DescriptionEbon Fisher's Ecosocial Confluxes and Media Organisms, Williamsburg, Brooklyn, 1988-1998.jpg
English: These are diagrams of ecosocial systems that Ebon Fisher cultivated in Williamsburg, Brooklyn in the 1990s with his systems theater company, Nerve Circle. These “media organisms” as Fisher called them, were just a few of the media sharing rituals Fisher cultivated in Williamsburg at that time. Other systems included The Weird Thing Zone, The Slurm, Endless Tissue and Heat-Seeking Psycho-Suctions. Fisher was one of the leading figures in the Brooklyn Immersionist arts movement in Williamsburg that catalyzed a renaissance throughout the borough of Brooklyn. Fisher's diagrams of ecosocial gatherings led to his Zoacodes which map out network ethics systems.

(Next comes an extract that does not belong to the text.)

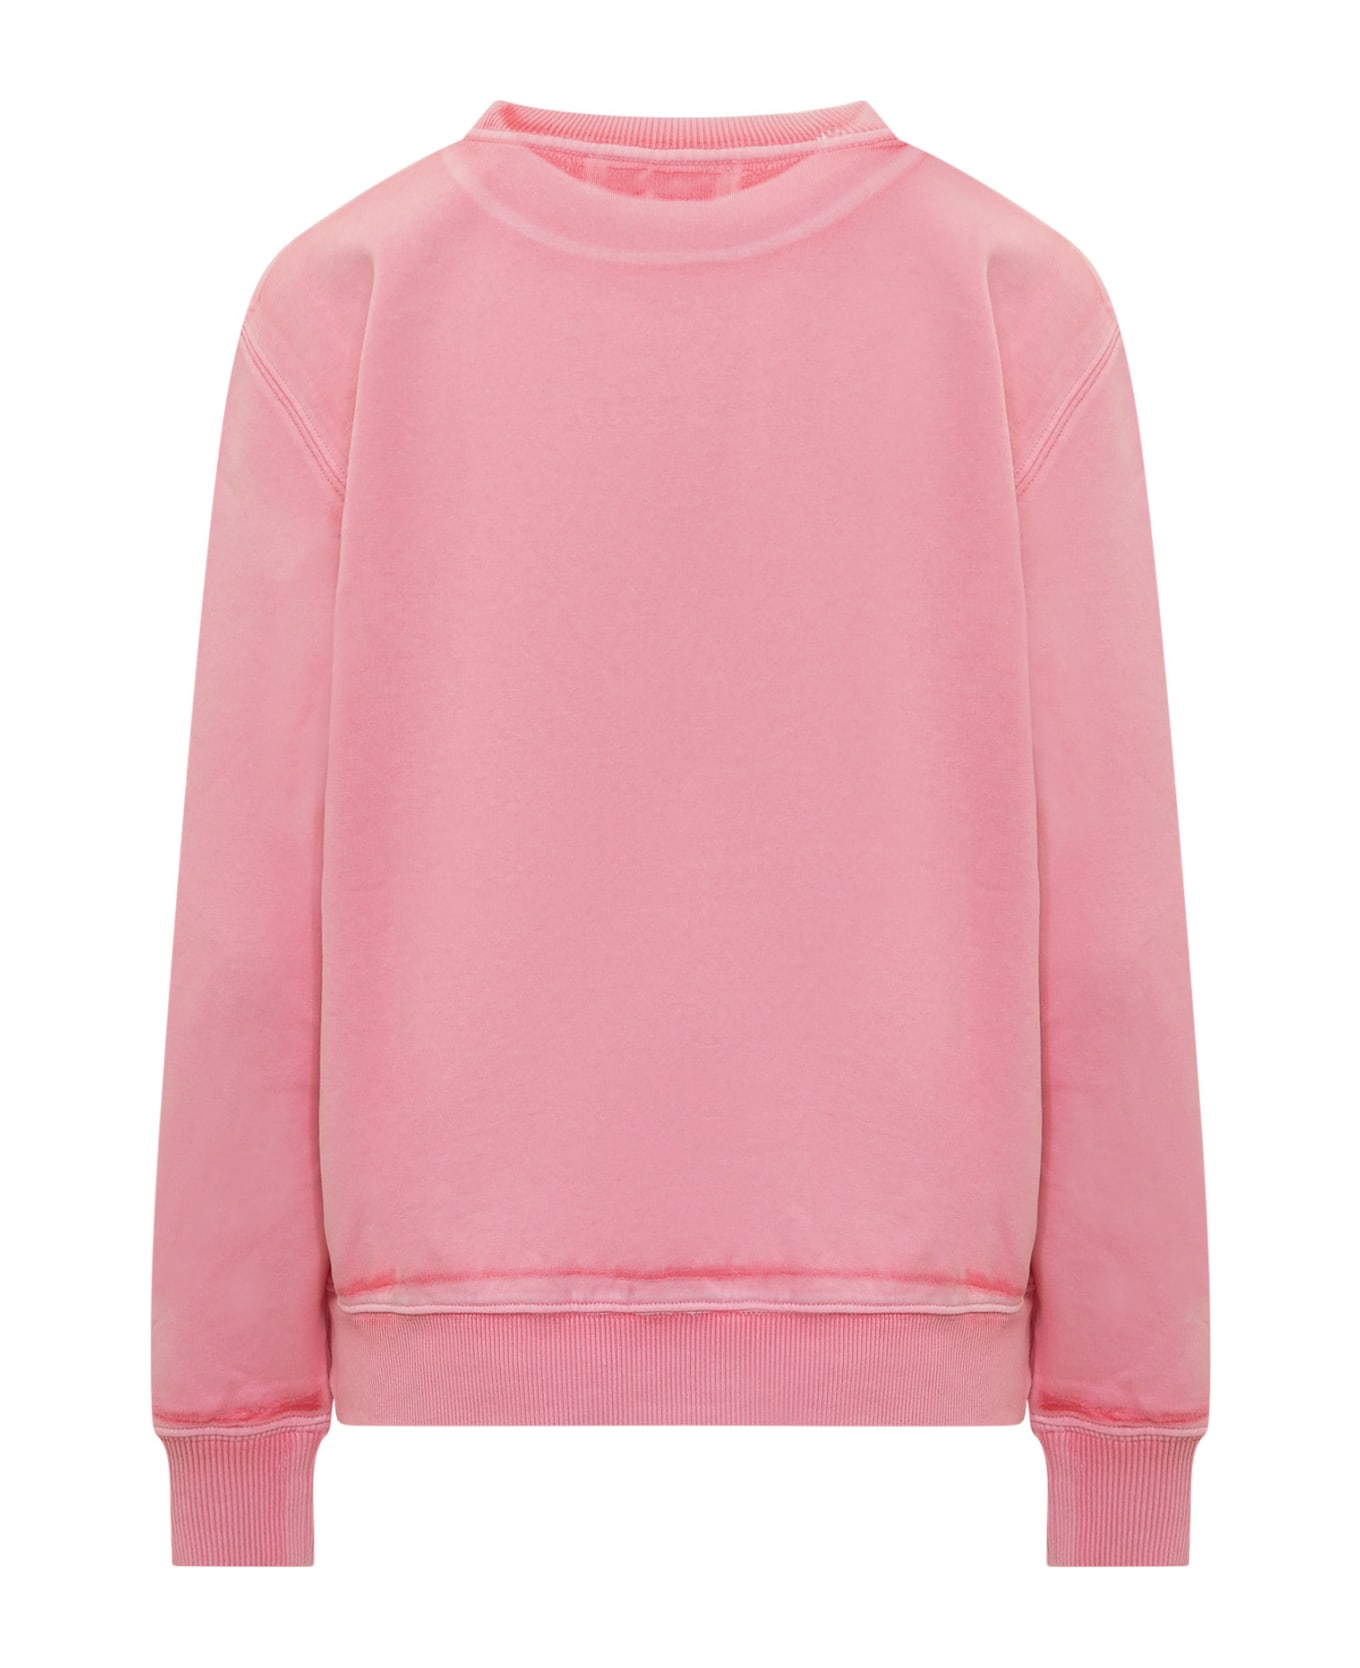 Lanvin Overprinted Sweatshirt - PEONY PINK
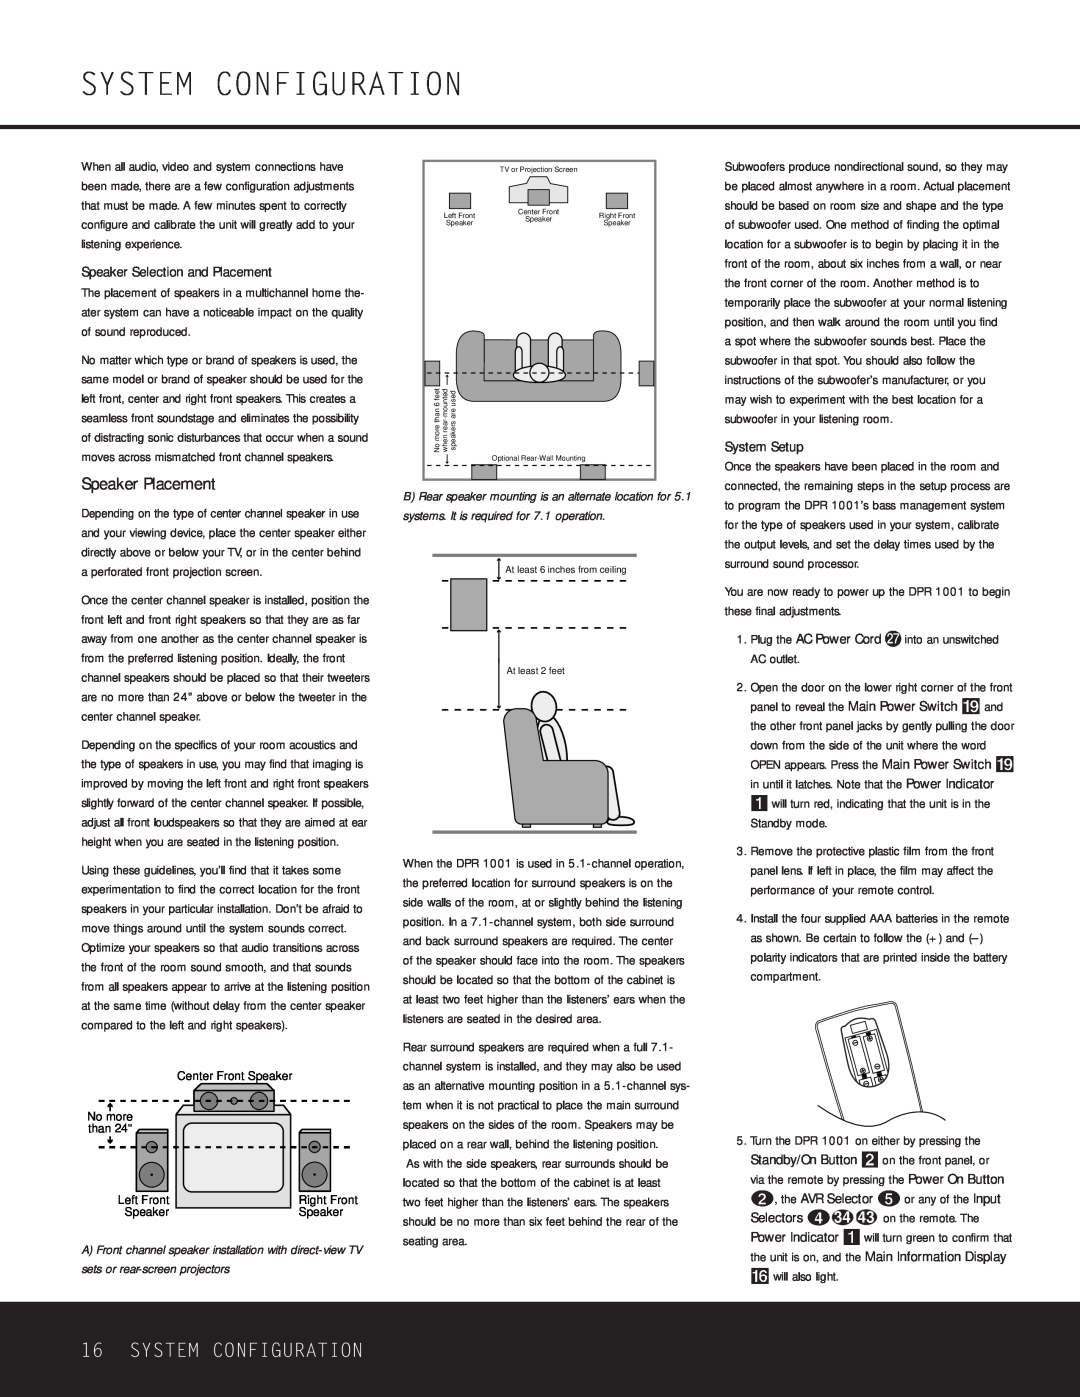 Harman-Kardon DPR 1001 owner manual System Configuration, Speaker Placement, Speaker Selection and Placement, System Setup

The biomorphic nature of the conflux diagrams – and later the Zoacodes – was intended to appeal to living recipients of the forms and contribute to an extended biological system that moves from street to media to minds and back again. Much of this interdisciplinary work was informed by Fisher’s holistic Quaker culture which valued opening one’s mind to both nature and community, and the research and teaching he did on emergent information systems at MIT’s Media Lab at its inception in the 1980s. Although they have entered museums and art history books, Nerve Circle’s confluxes and media rituals lend themselves to a post-art, and post-Anthropocene culture of vital systems cultivation.